Bastaría cambiar año 2012 del penúltimo paréntesis de la cita por 2015 para darnos cuenta de que estamos en el mismo periodo de unos cuarenta años que empezó a finales de los setenta, el del terrorismo de los movimientos integristas y fundamentalistas.

Pero a mí, más que los análisis sociopolíticos, me interesa la vida del terrorista, saber cómo se llega a engrosar las filas de un grupo asesino, conocer sus motivaciones profundas y la manera en que se articulan a través del acto criminal. Me acuerdo a menudo de una escena de la película La mejor juventud (2003) en la que una futura terrorista abandona marido e hija  pequeña para engrosar las filas de las Brigadas Rojas. Se levanta a escondidas del lecho conyugal y abre la puerta de su casa. Una luz cegadora proveniente del descansillo la ilumina. Entre tanto, el marido, se ha dado cuenta de lo que pasa y sale tras ella. A pecho descubierto, desde la mediocre penumbra del interior le recuerda que están casados, más o menos felizmente, que tiene un una hija pequeña… Pero la luz cegadora del exterior es demasiado poderosa para quedar enturbiada por el trabajo, los hijos, el marido, las obligaciones diarias que poco reportan y mucho exigen. La llamada de la utopía es un canto de sirena al que que aquel que le presta atención difícilmente puede resistirse, más, si si las sirenas son hábiles estafadores morales y prometen una redención absoluta, una embriagadora pureza que haga olvidar la pesada mochila que llevan a cuestas muchos de los terroristas islamistas, en la que se mezcla un gran vacío personal y una trayectoria errática en una sociedad que ofrece pocas salidas. Cuesta aceptarlo, pero como señala hoy mismo Ian McEwan en una entrevista concedida a Babelia, “la utopía es una de las nociones más destructivas en la historia del pensamiento humano. La idea de que puedes formar una sociedad perfecta, ya sea en esta vida o en otra posterior, es muy destructiva. Porque la consecuencia es que no importa si has matado a un millón de personas por el camino: el objetivo es la perfección y eso disculpa cualquier crimen…”. Pero, al tiempo, como va quedando claro, la idea utópica es un bicho muy malo que no se mata solo con piedra ni palo, aunque haya que darle también palizas. Seguramente, en mayor o menor medida, el camaleónico fenómeno terrorista estará siempre presente en el capitalismo desarrollado de las sociedades abiertas, poco convincentes para una población residual, poco seductoras para quien no disfruta de sus bienes, fábricas de descreídos en la vida terrenal, enamorados del más allá.

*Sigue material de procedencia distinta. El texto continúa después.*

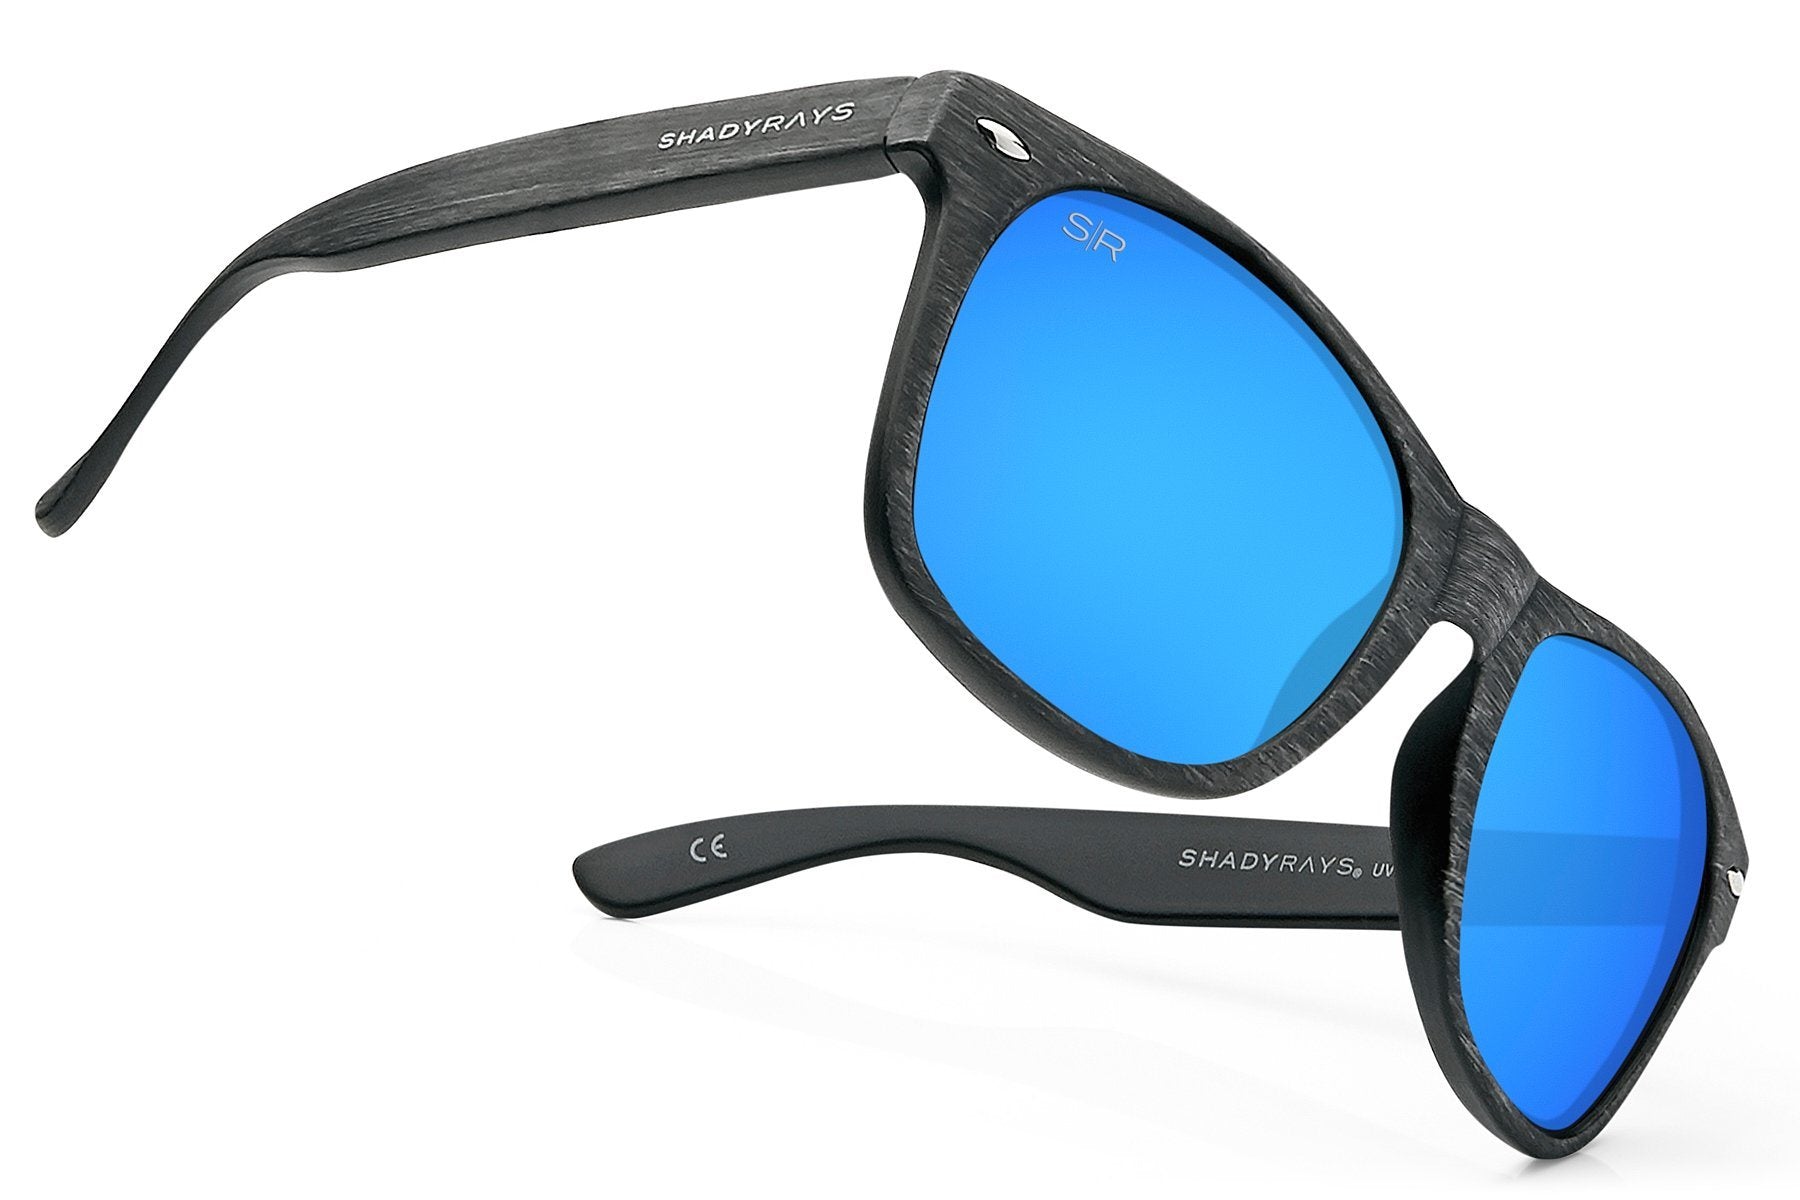 Alpine Swiss Mens Polarized Aviator Sunglasses Lightweight 100% UV 400  Protection - Alpine Swiss
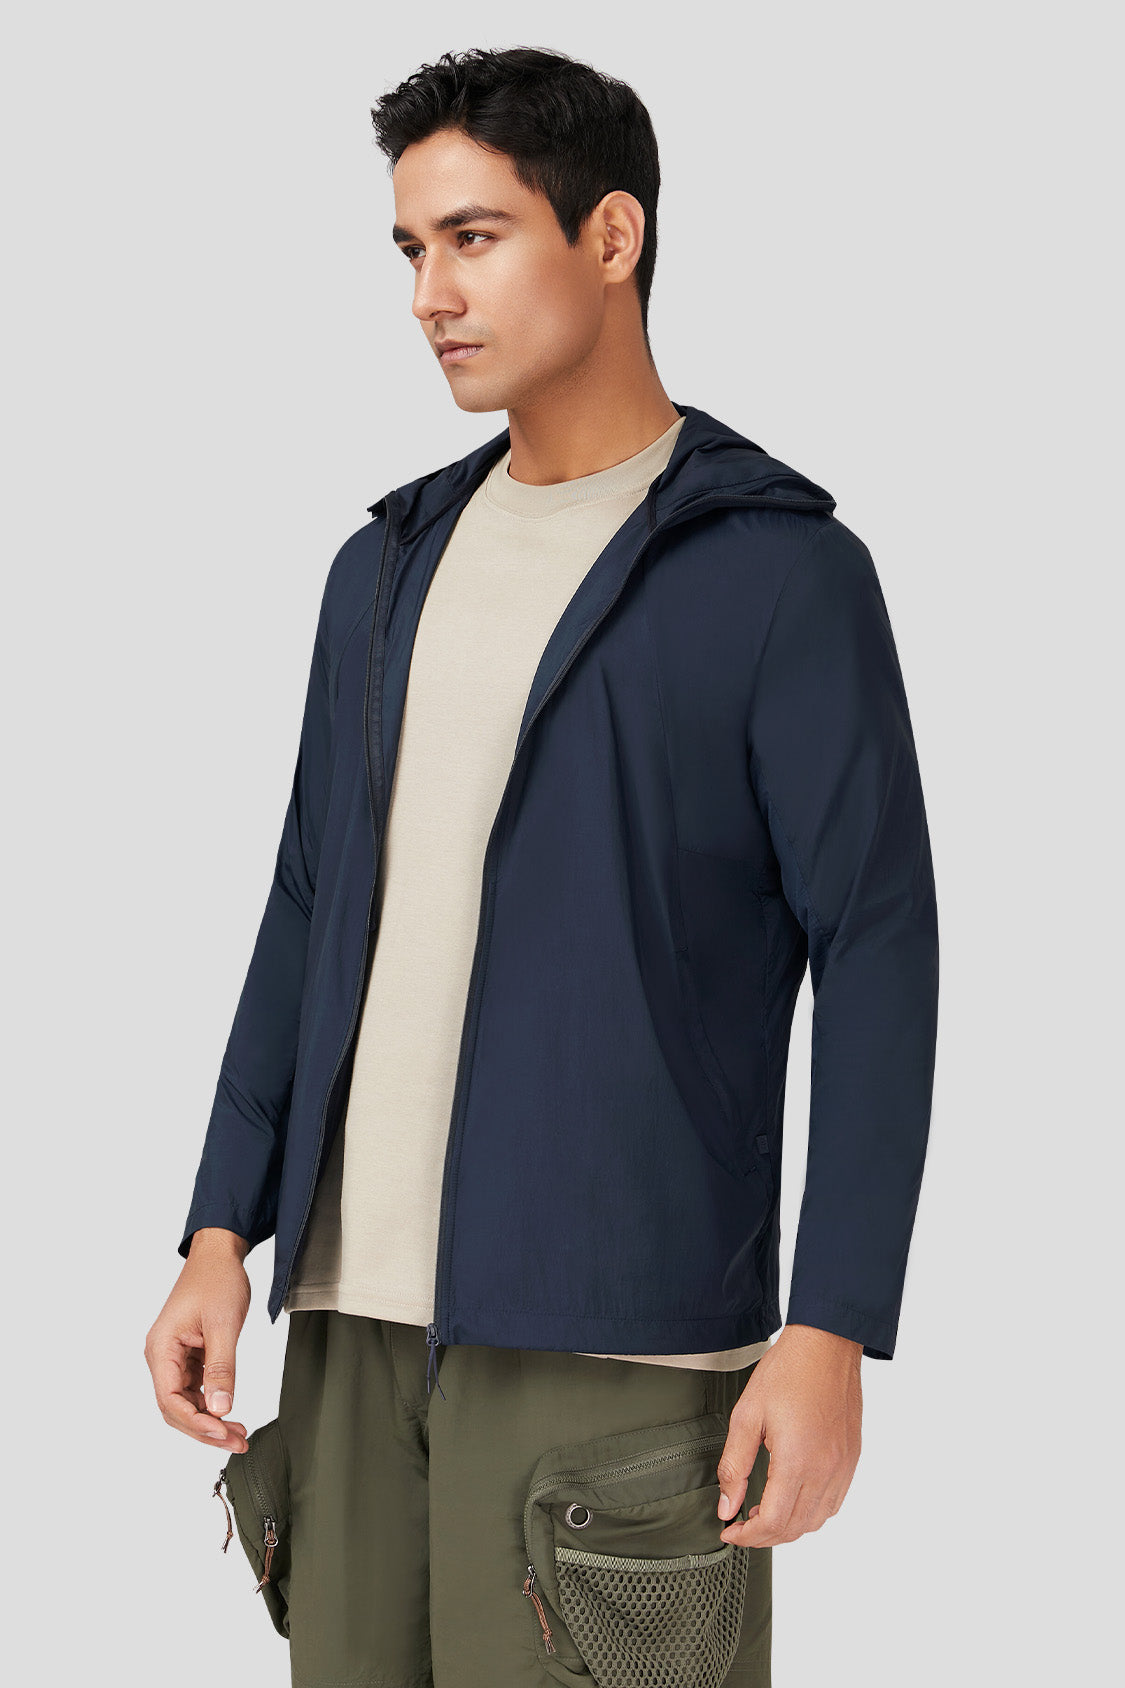 UV Protection Jacket, Beneunder Lightweight Zip Up Sun Protection Hoodie  for Men

En fin, que quien quiera conocer la vida de alguno de ellos, su medio, su manera de producirse, la gestación de su terrible elección, lo mejor que puede hacer es acercarse a las novelas que proponía el mismo Rodríguez Rivero en su artículo:

“Piotr Verjovenski (Demonios, 1871-1872, Dostoievski), Adolf Verloc (El agente secreto, 1907, Conrad) y, un poco más cerca, Benjamin Sachs (Leviatán, 1992, Auster)”

Yo, a esos tres personajes, entre los que el que me cae más simpático es Sachs, que va dejando estatuas de la libertad allí donde pone una bomba, un poco como Zorro iba poniendo Zetas,  añadiría el homenaje que hizo Coetzee a Dostoievski, El maestro de Petersburgo (1994), aunque el terrorista sea un personaje ausente en cuya búsqueda acude el padre. Tampoco me olvidaría de la hija del protagonista de Pastoral americana, primero terrorista tardo adolescente y después jainita. En el ámbito doméstico, recuerdo en la distancia El hombre solo (1993), de Atxaga y Años lentos (2012), de F. Aramburu, en el que el papel del imán radicalizador lo ejerce un cura no menos radicalizado. Ya se sabe, el paraíso, la utopía, es un bicho muy malo.